Piston, manque de communication, quasi absence de rémunération, inadéquation entre l’offre et la demande, etc. Beaucoup reste à faire pour améliorer l’accès aux stages, comme le démontre le 1er baromètre réalisé au Maroc.  

Dur, dur de décrocher un stage
Ilham Mountaj
Le 30 août 2013 à 14h30 | Modifié 30 août 2013 à 14h30

Enfin, un baromètre sur le marché des stages au Maroc. La première plateforme gratuite de mise en relation entre étudiants et recruteurs, Stagiaires.ma, vient de dévoiler les résultats du premier baromètre effectué sur le marché de stages au Maroc, en partenariat avec BMarketng. Il faut avouer qu’il était temps !

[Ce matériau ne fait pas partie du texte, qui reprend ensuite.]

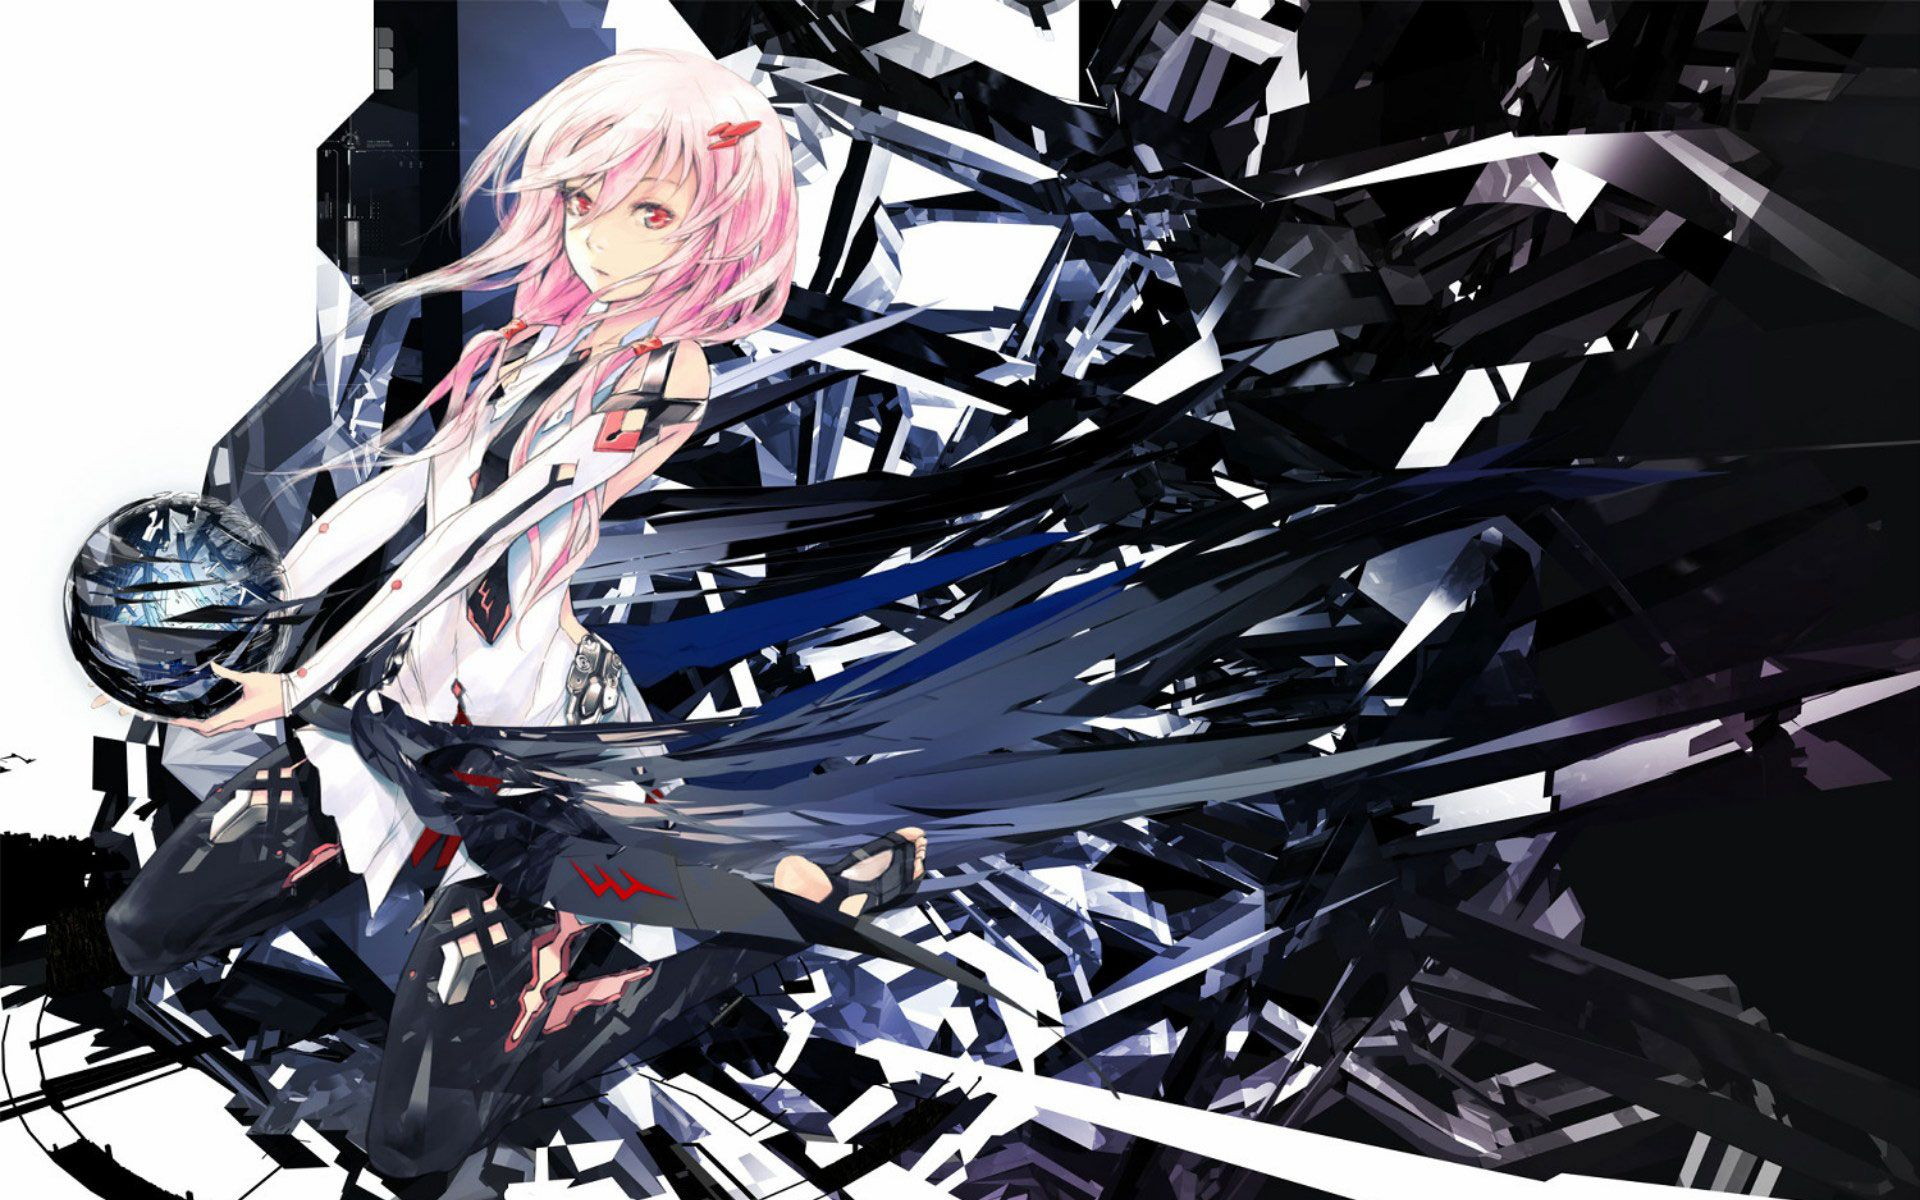 Guilty Crown Wallpaper Hd Anime Wallpaper Inori Yuzuriha Anime Canvas

Premier constat surprenant : si 84% des entreprises interrogées déclarent avoir besoin de stagiaires, seulement 38% d’elles fait appel à eux ! Et encore, 75% des entreprises affirment rencontrer des difficultés à trouver des stagiaires ! Pourtant ,des étudiants en cycle supérieur, on n’en manque pas. Selon les statistiques du ministère de l’Eseignement supérieur, le Maroc compte plus de 544 509 en 2013.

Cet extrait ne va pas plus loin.